--- GIVEN INFORMATION Enclosed Below ---
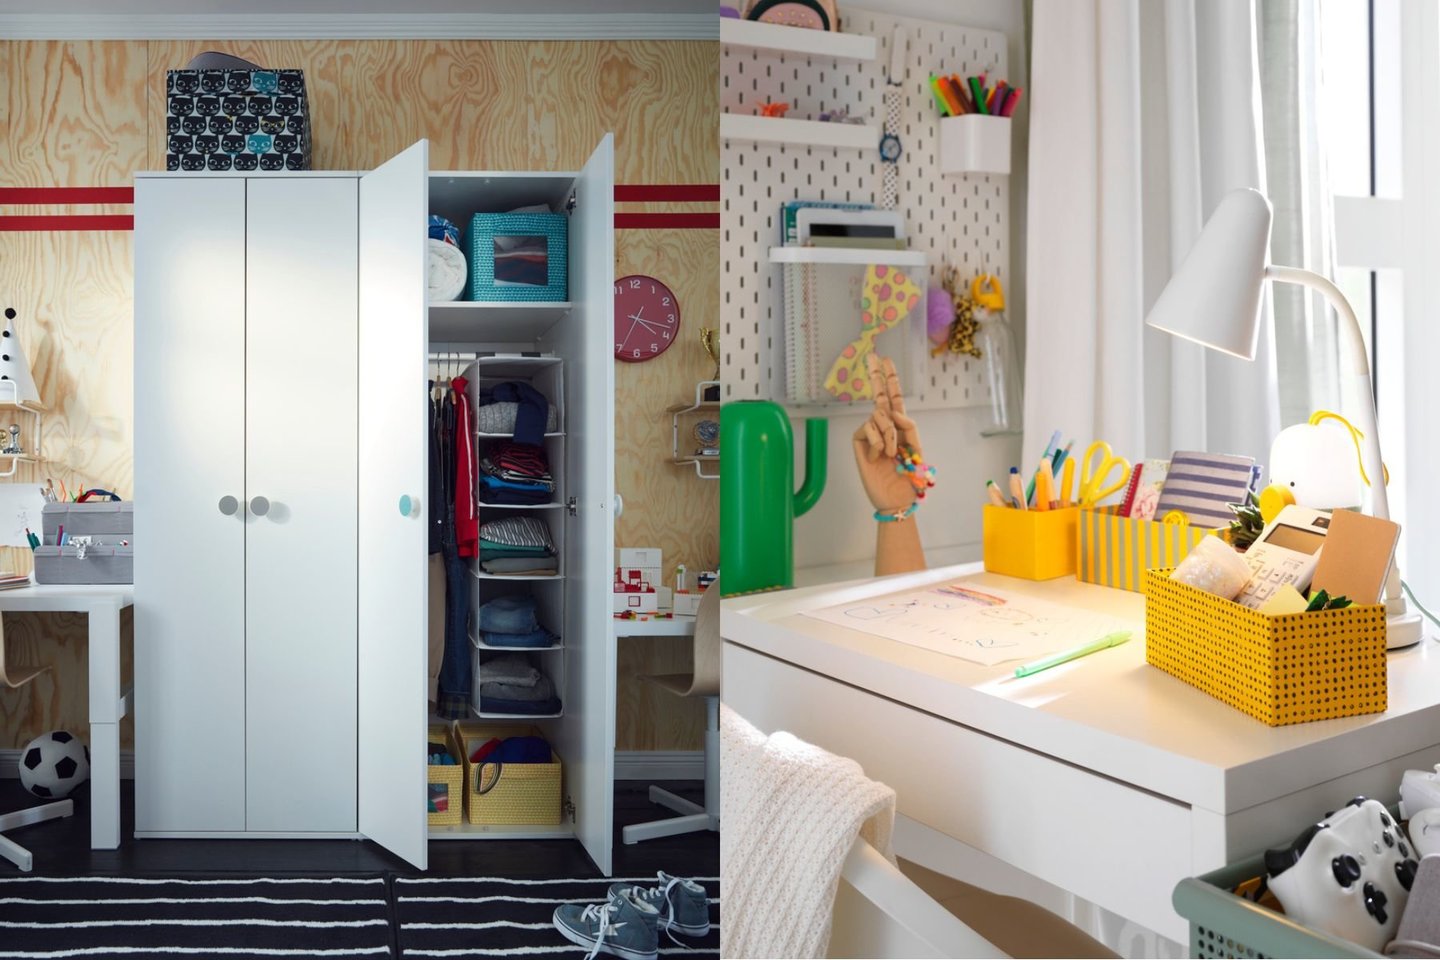 Interjero dizainerė teigia, kad dedikavus konkretiems daiktams konkrečias vietas – lengviau palaikyti tvarką ne tik tėvams, bet ir tvarkytis patiems vaikams.<br>IKEA nuotr.
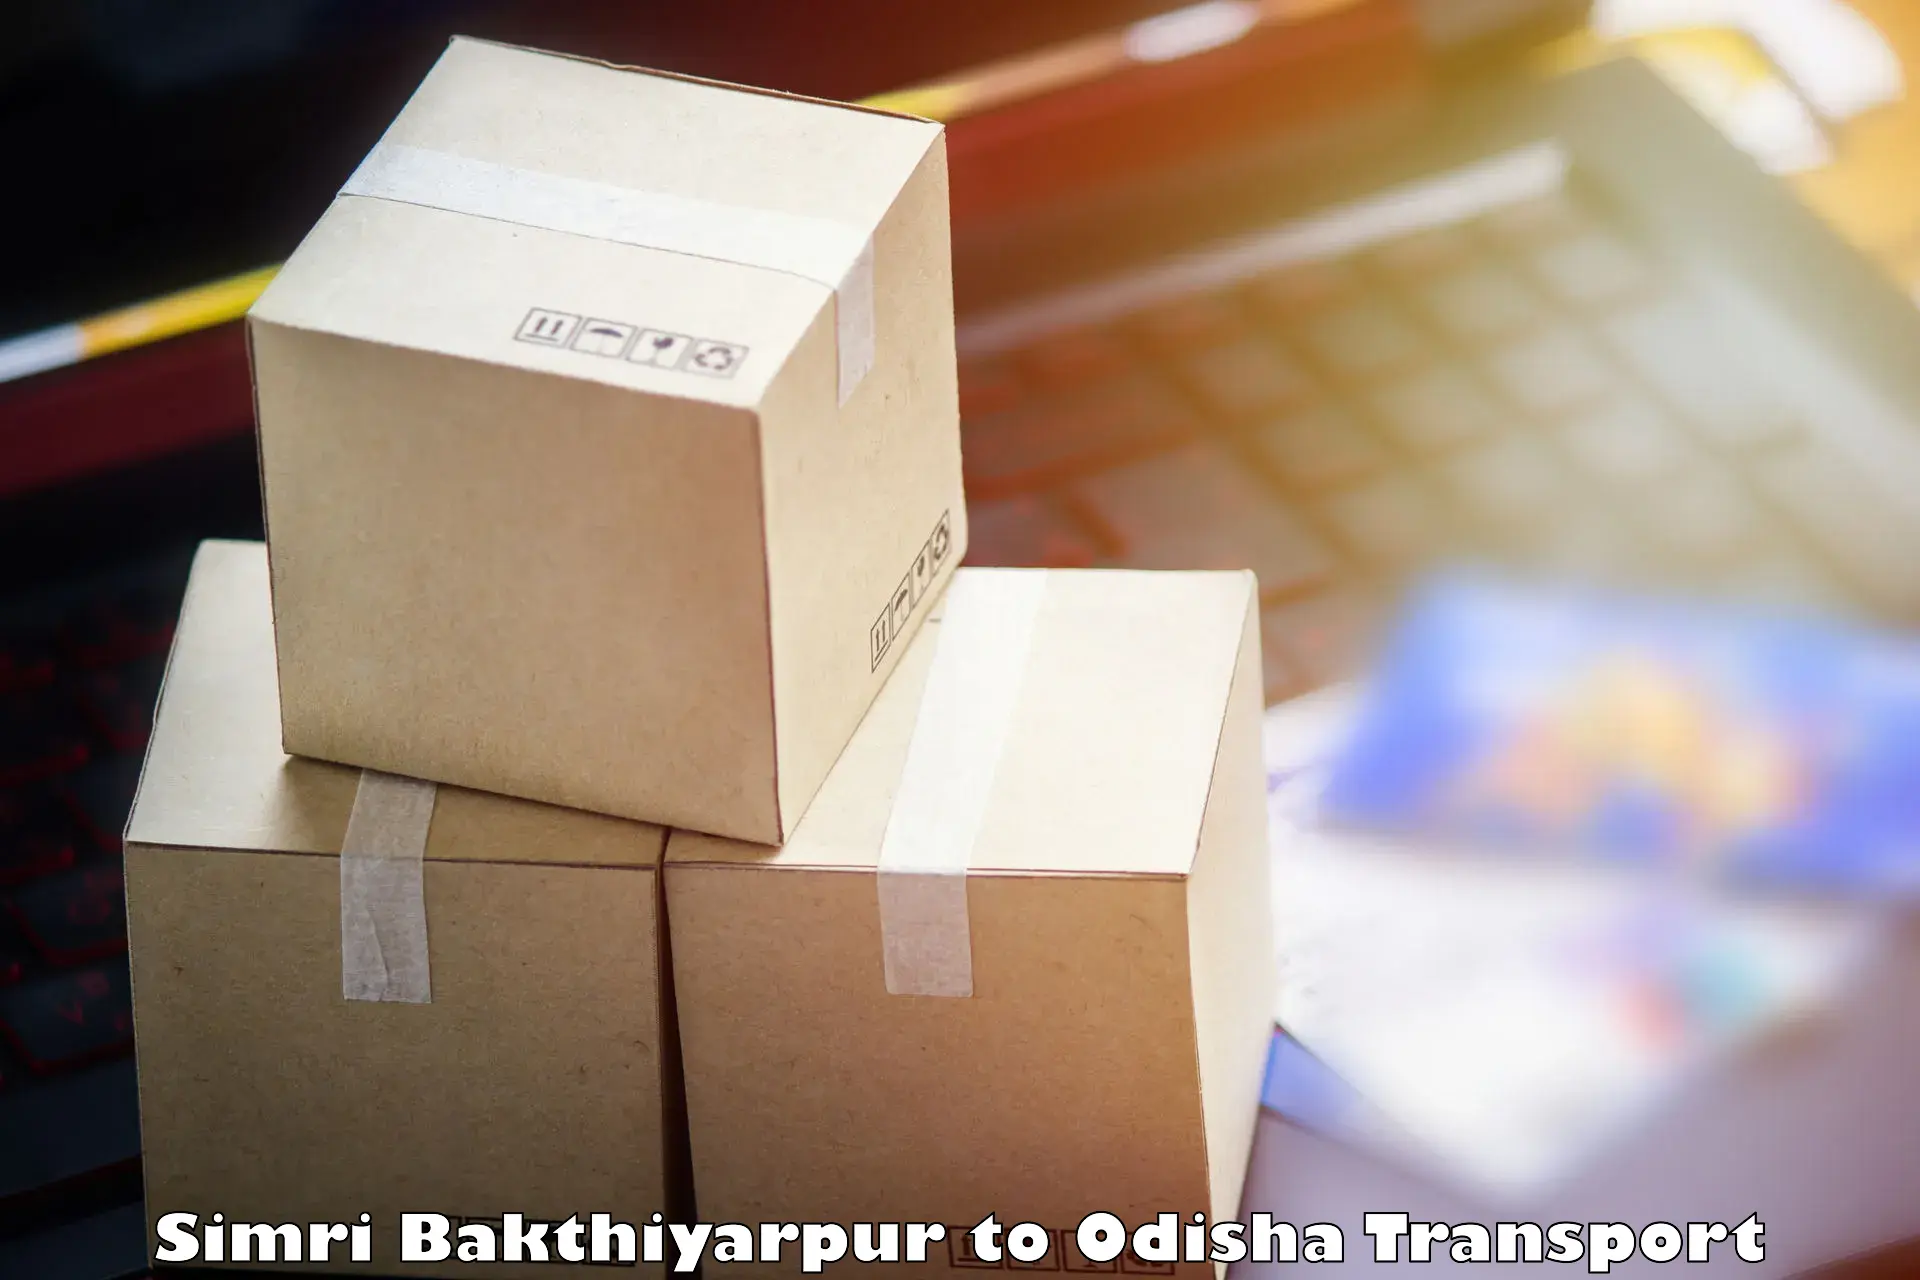 Two wheeler parcel service Simri Bakthiyarpur to Bargarh
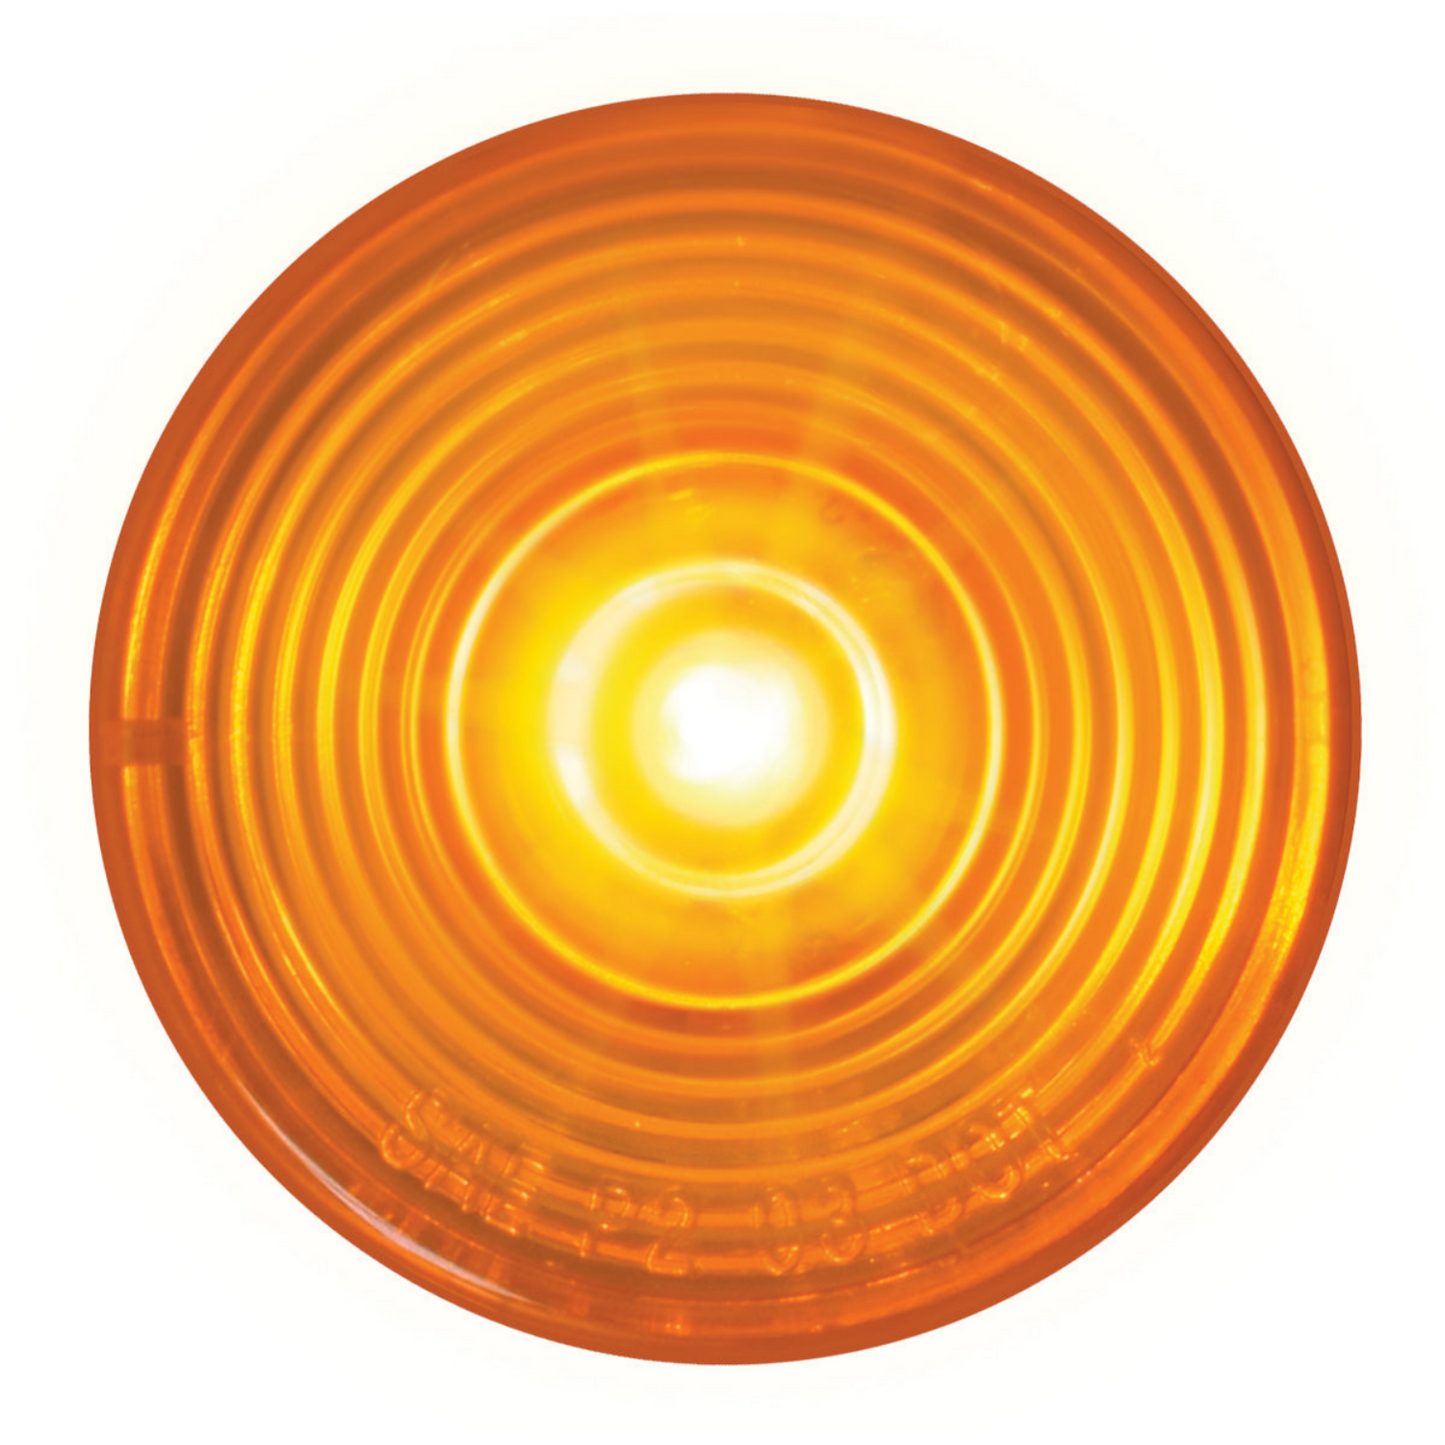 2′′ Single High Power 1 LED Light in Amber
--- End of Enclosed GIVEN INFORMATION ---
Starting at the line that holds "Two wheeler parcel", repeat every line through the end of the listing exactly as written, skipping any picture.

## WRITTEN ANSWER:
 Two wheeler parcel service Simri Bakthiyarpur to Bargarh
 2′′ Single High Power 1 LED Light in Amber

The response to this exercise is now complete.